Pekudei – Effort Matters

The book Difficult Conversations points out something fascinating about how we appraise effort. We are more interested in knowing that another person is trying to empathize with us – that they are willing to struggle to understand how we feel and how we see – than we are in believing that they will actually accomplish their goal. Struggling to understand, thinking hard, sends a strongly positive message. After all, you wouldn’t invest that kind of energy in a relationship that you didn’t care about. So arriving at the point of saying “I understand just how you feel” is not the only outcome that registers powerfully with us. Effort counts.
Curiously, in the final chapter of the Book of Exodus Moses never speaks. Instead, his deeds eloquently depict the completion of the Tabernacle. “And Moses did it. According to everything that God commanded him, he did so” (Ex. 40:16). This particular verse takes us all the way back to a virtually identical verse in Noah’s construction of the ark (Gen.6:22). There are several parallels between Noah and Moses, the Bible’s only two figures identified with floating in arks (Gen. 6:14; Ex. 2:3). Why the subtle comparison between Moses and Noah at the conclusion of theTorah’s second book? Perhaps the contrast between them enables us to measure biblical progress since the antediluvian, nonverbal obedience of Noah. Much has changed since then for God and for God’s representatives. The shift from God’s creating a world to make space for humans, to our making a Tabernacle to make space for God is noteworthy.
Even more nuanced, however, is the shift in approach to deeds. Simplistic labor has given way to maasei hoshev designer’s work. Indeed, maasei hoshev may mean more than designer’s work. Perhaps it is also alludes to “thoughts as deeds” (literally maasei hoshev). The work of thinking hard, careful consideration, can be tantamount to a concrete deed.

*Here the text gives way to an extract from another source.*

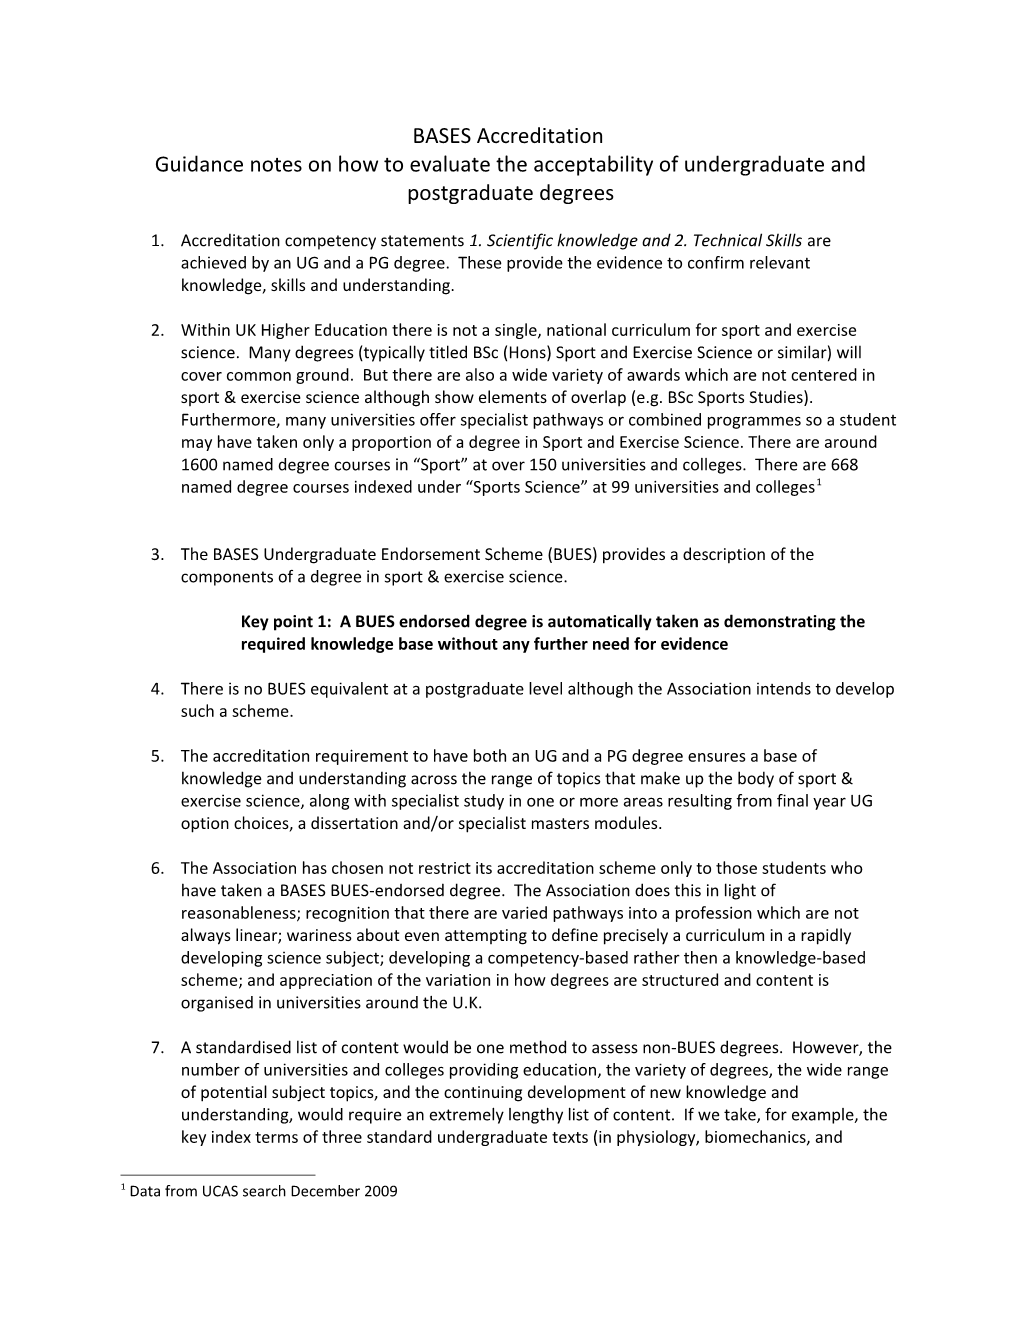 Guidance Notes on How to Evaluate the Acceptability of Undergraduate and Postgraduate Degrees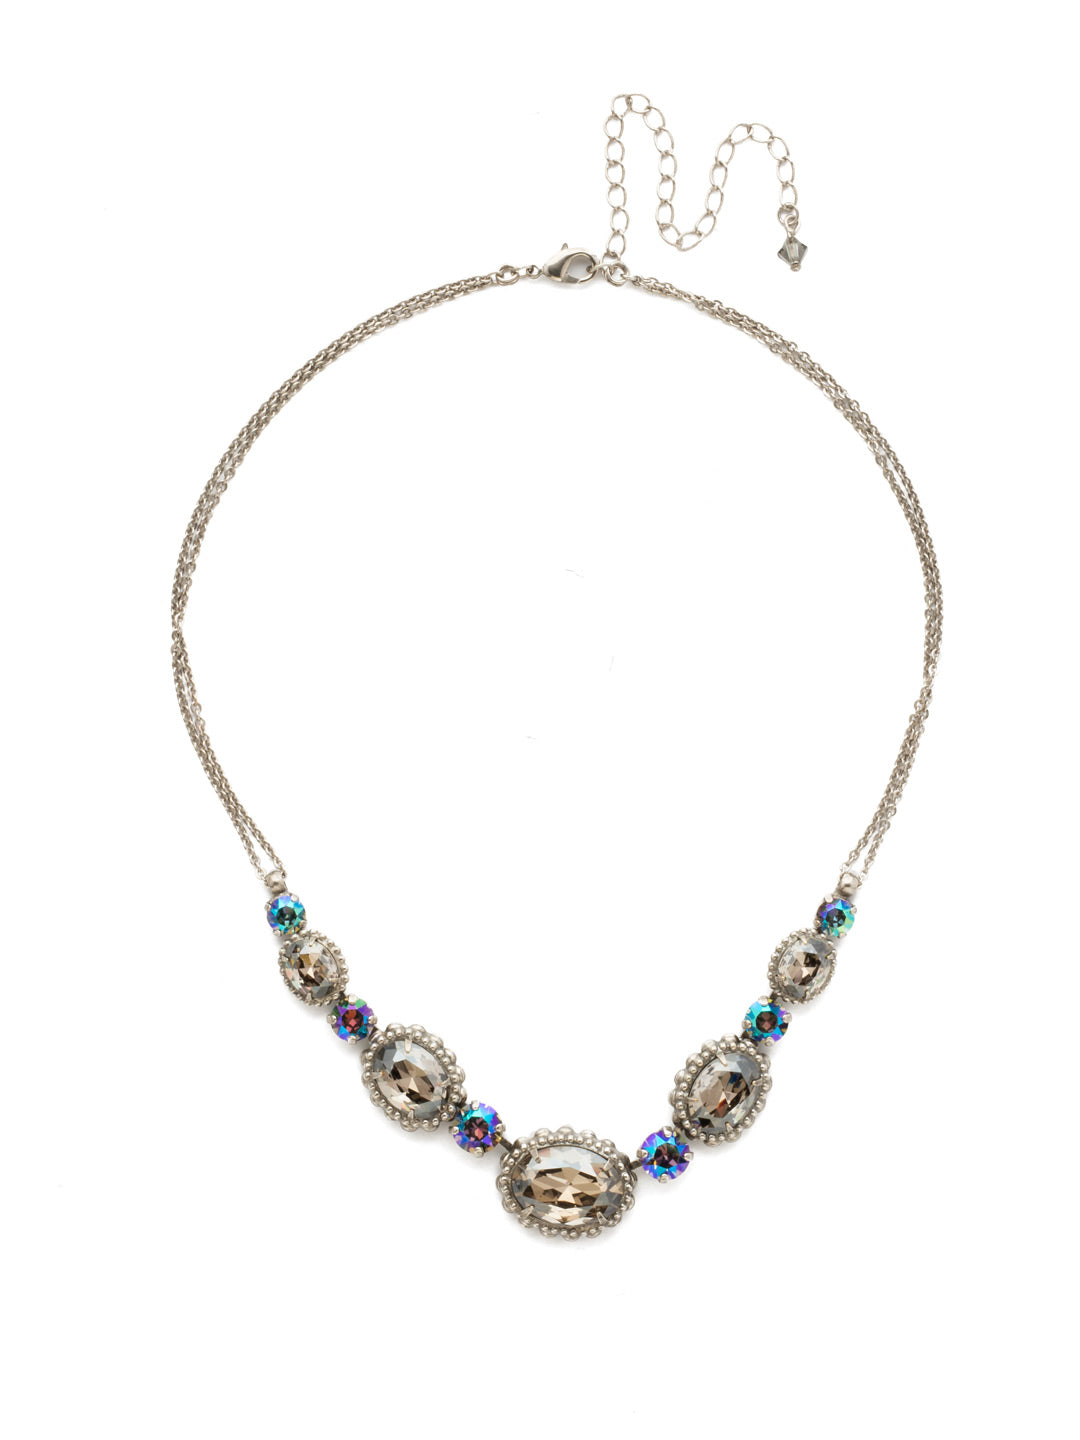 Camellia Necklace - NDQ10ASCRO - A delicate double chain adds subtle detail to this charming style. Five oval crystals with decorative metal edging are highlighted by petite round stones for a dynamic, dazzling look. From Sorrelli's Crystal Rock collection in our Antique Silver-tone finish.

Behavioral psychologist Dan Arielly writes about the “IKEA effect,” which suggests we care more for something we’ve worked to assemble. It works for ideas too. Try discussing a text together with somebody, and note how differently you feel about the fresh ideas that you helped to create. Perhaps it also works for effort exertion in struggling relationships. As we complete tabernacle furnishings in this week’s Sedra, try a different kind of furnishing work this weekend. May sincere efforts at empathy be recognized and rewarded.